Rethinking Immune Checkpoint Inhibition in Cancer

Immune checkpoint inhibitors (ICIs) have reshaped cancer treatment, offering durable remissions for a minority of patients. Yet their success has come with a difficult trade-off: a large proportion of patients develop immune-related adverse events (irAEs), sometimes severe, and often without gaining clinical benefit. These reactions signal a disruption of peripheral tolerance that is not easily explained by traditional models in which negative selection of autoreactive T cells maintains self-restraint. Under ICI therapy, patients' own T cells can behave in ways that resemble the alloreactive responses seen in chronic graft-versus-host disease (cGVHD), producing a pattern of tissue injury that mirrors this well-studied transplant complication. This parallel offers a fresh way to think about why irAEs occur and how they might be prevented.
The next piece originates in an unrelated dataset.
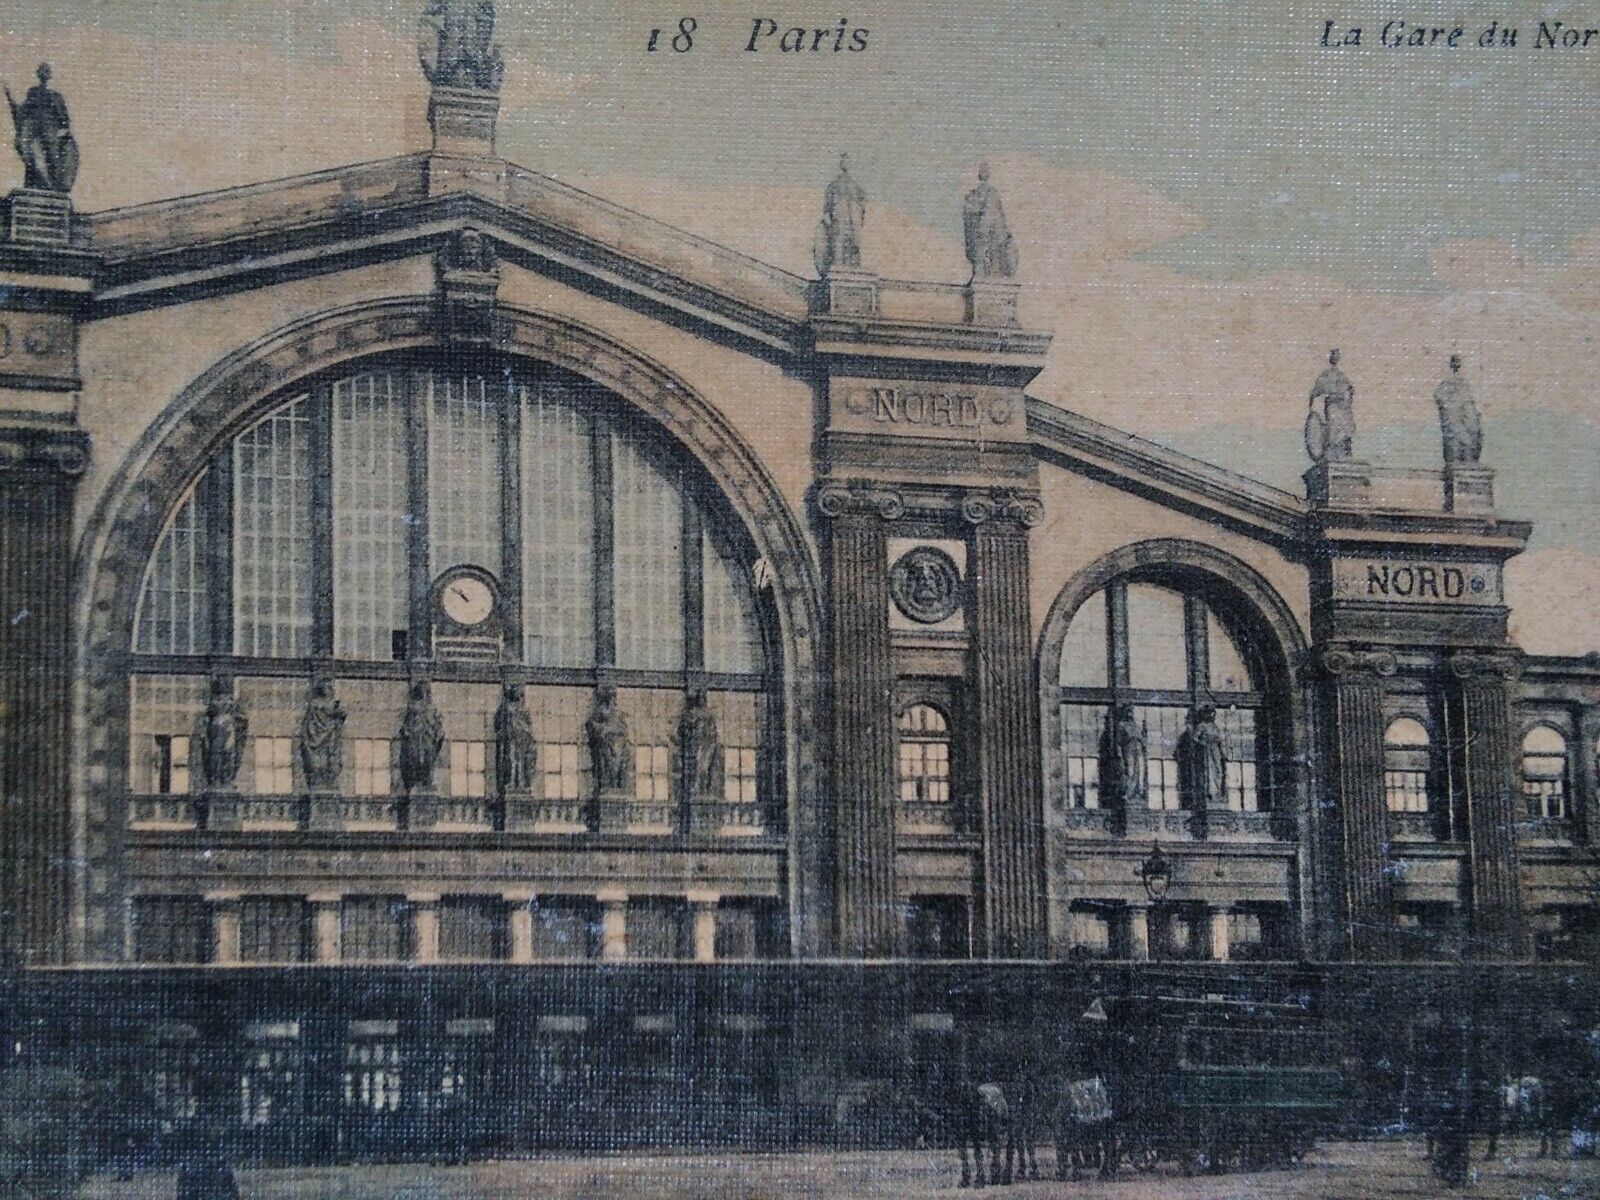 France Antique Postcard Early 1900s Rare Paris Gate du Nord Train Station Horse 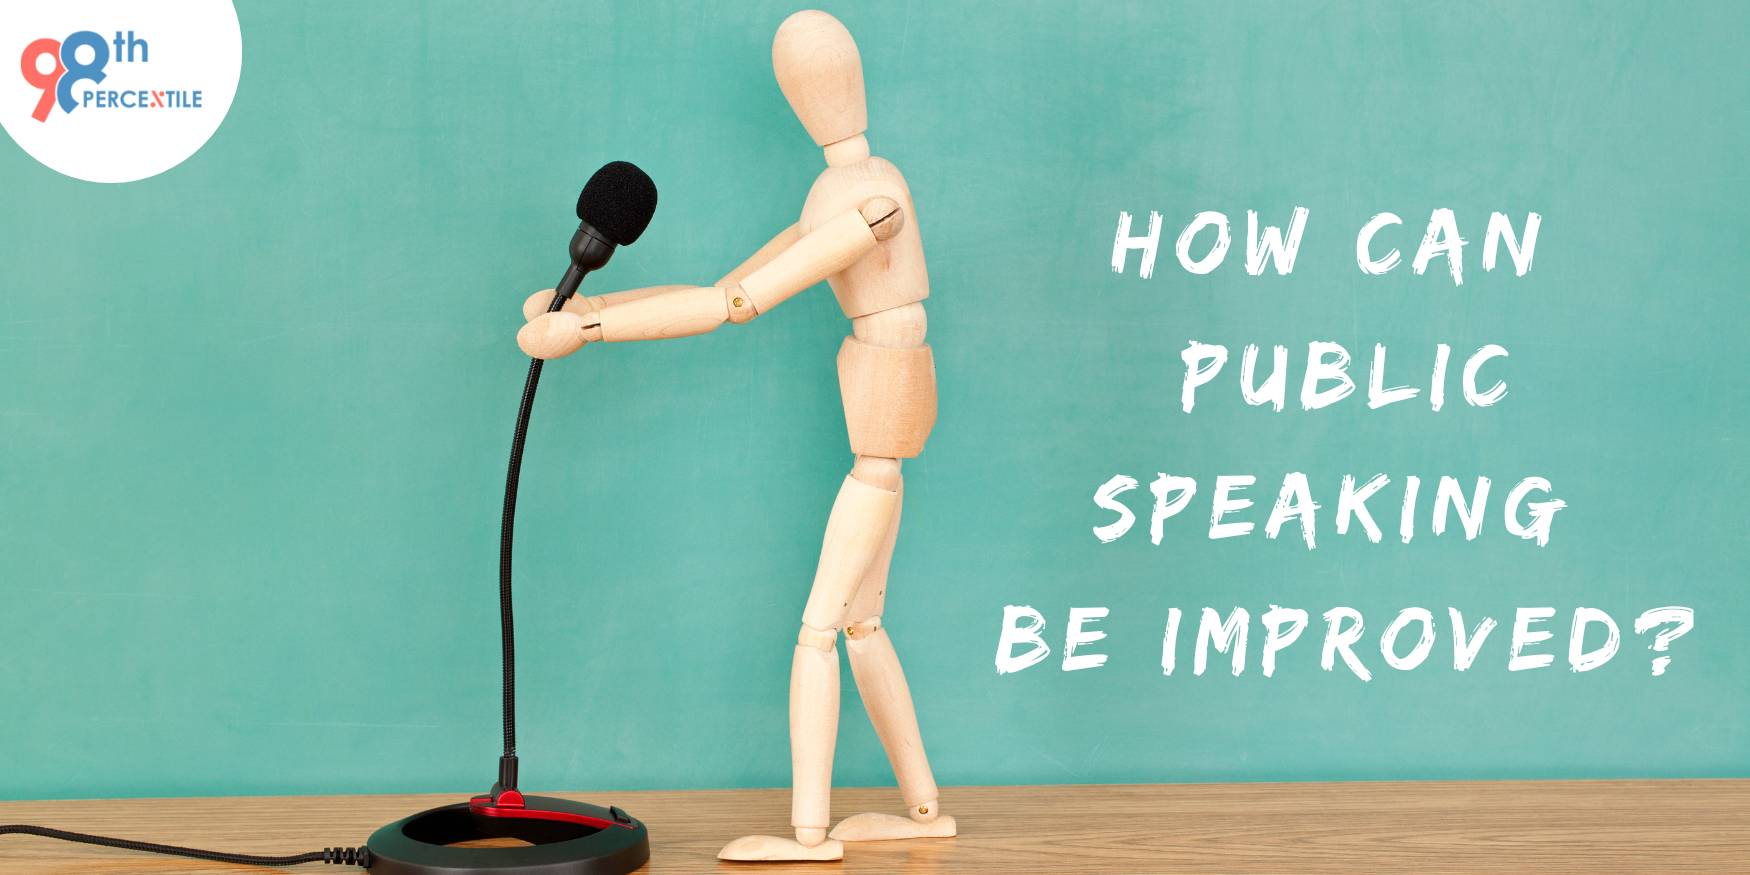 How Can I Improve Public Speaking Myself?

Despite arising from fundamentally different immunologic triggers, comparative transcriptomic analyses reveal that cGVHD and irAEs induced by ICIs converge on a common molecular ecosystem dominated by interferon-conditioned tissue states. Early clinical experience with ultra-low-dose ICI regimens supports this idea, showing that meaningful antitumor activity can be preserved while dramatically reducing toxicity. We suggest that viewing ICI-induced autoimmunity through a cGVHD-like lens may help guide safer dosing strategies and broaden access to immunotherapy worldwide.